Given that water-insoluble Cu complexes (e.g., Cu oxides or Cu cyanide) showed similar toxicity as whole rifle PM, it is also possible that the toxicity responses could be attributed to other insoluble compounds. Expectedly, the insoluble fraction of the rifle PM could induce the same degree of lung toxicity (biomarkers and lung function) observed with the rifle PM exposure (Figs.6 and ​and7).7). This is not surprising because most of the metals in the rife PM were found to be apparently more insoluble (Fig. ^S1). The role of insoluble compounds in PM-induced lung toxicity has been extensively studied^40–42. A study using insoluble extracts of ambient PM samples with a high level of redox-active transition metal content demonstrated that similar degrees of neutrophilic inflammation and protein leakage occurred between the insoluble and total fraction of PM⁴³. Of note, another study reported that insoluble organic compounds of PM were largely responsible for extracellular thiol oxidative activity in lung cells after exposure⁴⁴. It is also well recognized that exposures to metal fumes containing insoluble Zn or Cu oxides increase incidence of acute but severe respiratory tract inflammation, fever, and muscle pain^45,46. Moreover, some studies have indicated that long-term exposure to Cu fume increases risks of mortality for chronic non-malignant diseases of the respiratory system and even lung cancer^47–49. These adverse effects were also confirmed in many in vivo and in vitro models where exposures to CuO or ZnO particles induced acute inflammatory responses and DNA damage that are associated with intracellular production of reactive oxygen species^50–52.
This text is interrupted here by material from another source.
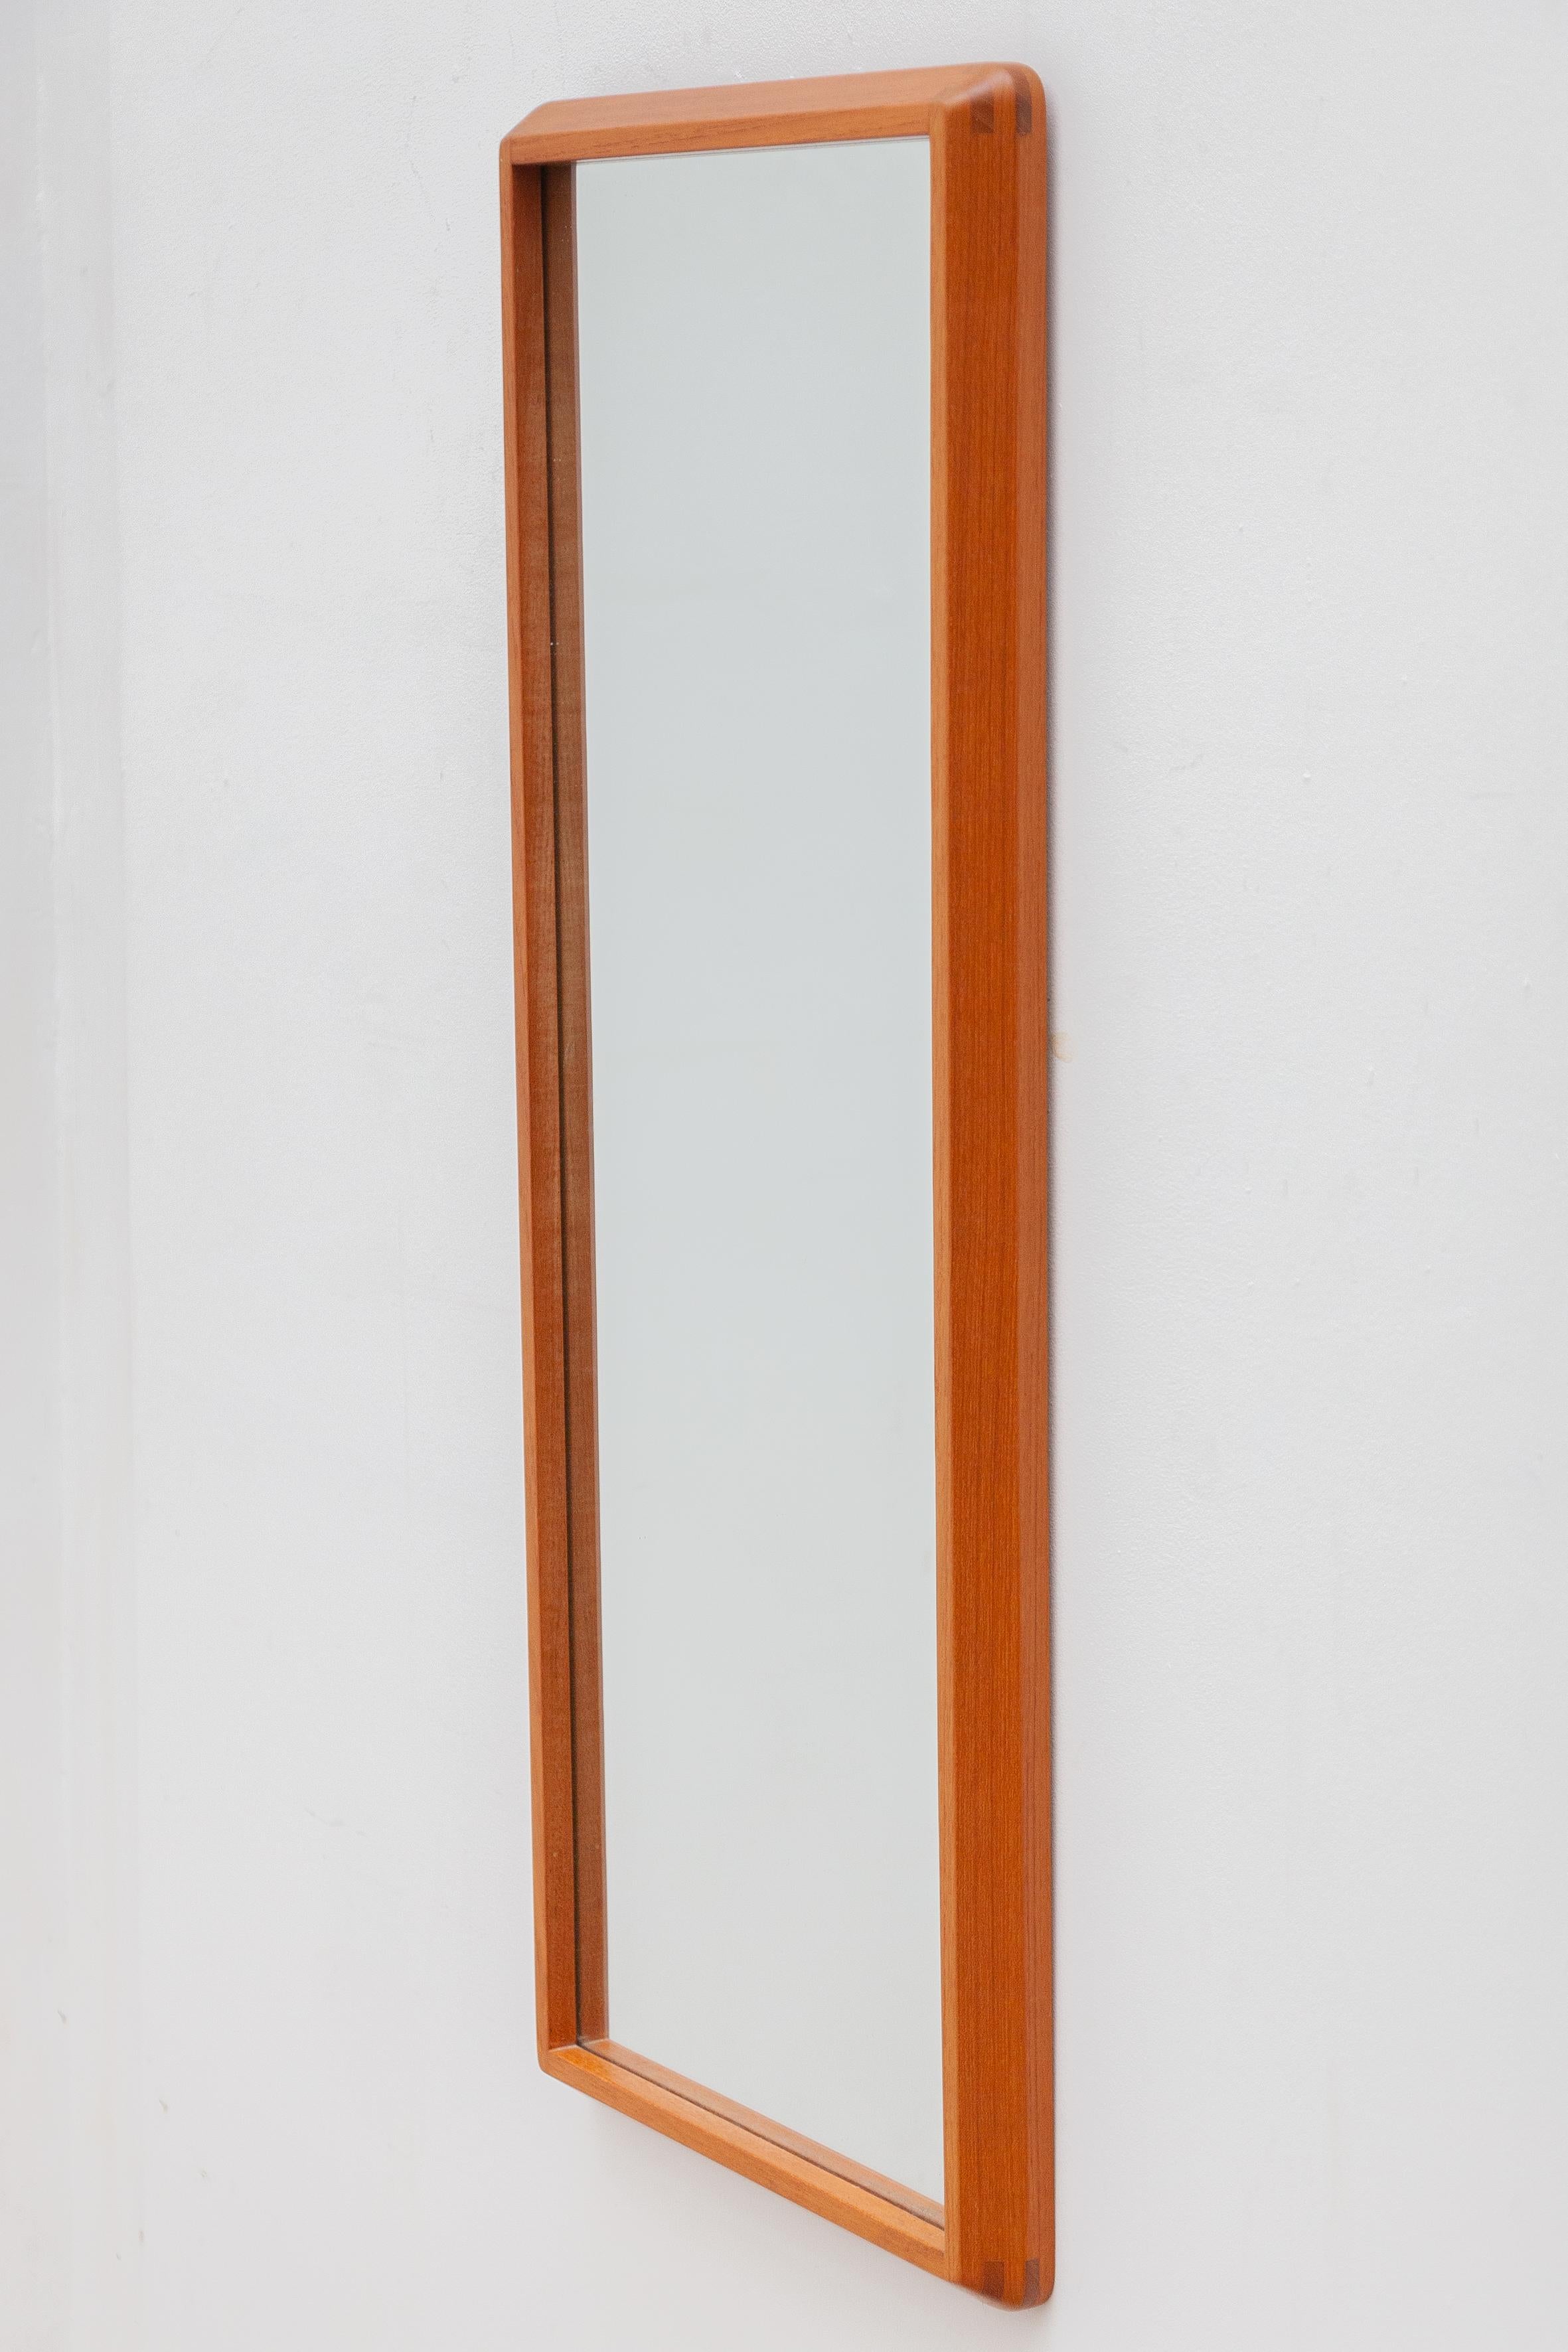 Scandinavian Modern Large Rectangular Wall Mirror by Kai Kristiansen for Aksel Kjersgaard, 1960s For Sale
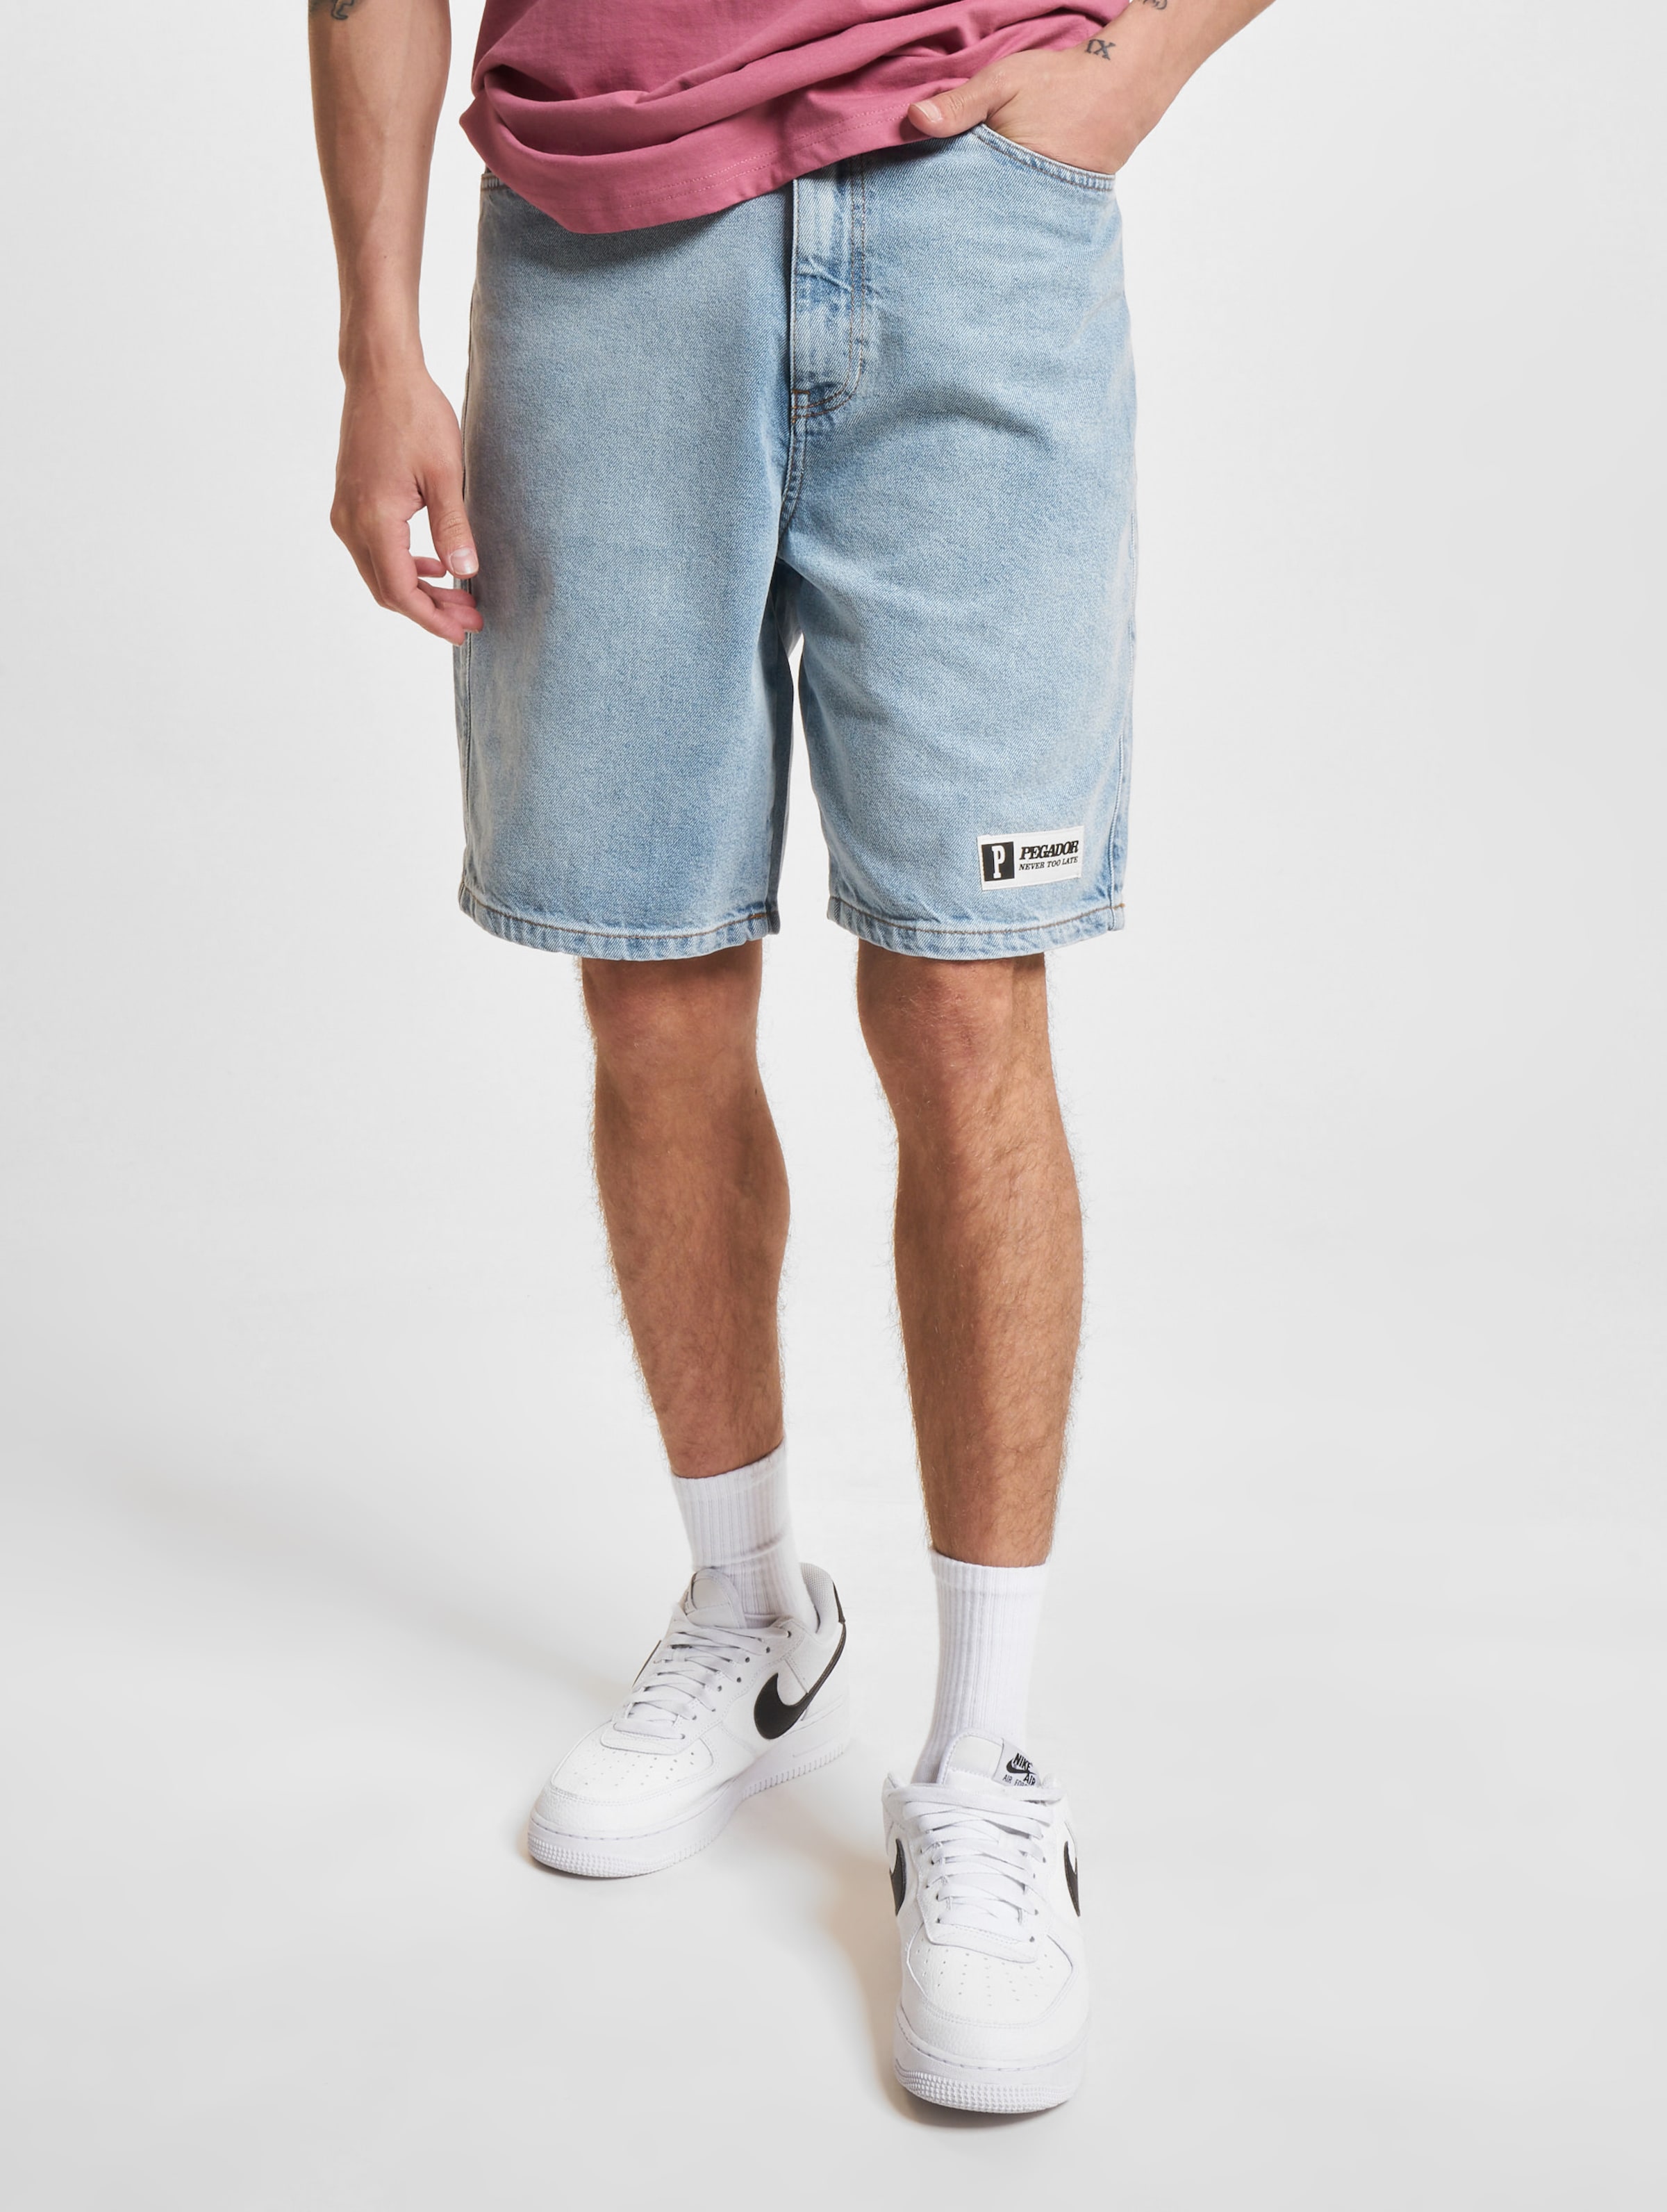 PEGADOR Moores Jeans Shorts Männer,Unisex op kleur blauw, Maat 38

While much attention has focused on the role of insoluble compounds, it should be noted that the rifle PM-induced lung toxicity was also mediated, at least in part, by water-soluble compounds (e.g., soluble organics and metal ions) (Figs.6–7). Interestingly, the significant neutrophil influx triggered by the soluble compounds (i.e., Cu ions) did not change most of the lung injury biomarkers and lung function parameters but showed significantly increased vascular permeability (Fig.6D) and airway obstruction (Fig.7A,F and I) at 24h post-exposure, suggesting the potential for delayed toxic effects. In addition, although Cu is essential for cellular physiology, excess Cu ions can bind with and affect the structure and integrity of DNA^53,54. Thus, more chronic health consequences from exposure to Cu ions which were the major metal species in the soluble fraction of the rifle PM should not be ignored.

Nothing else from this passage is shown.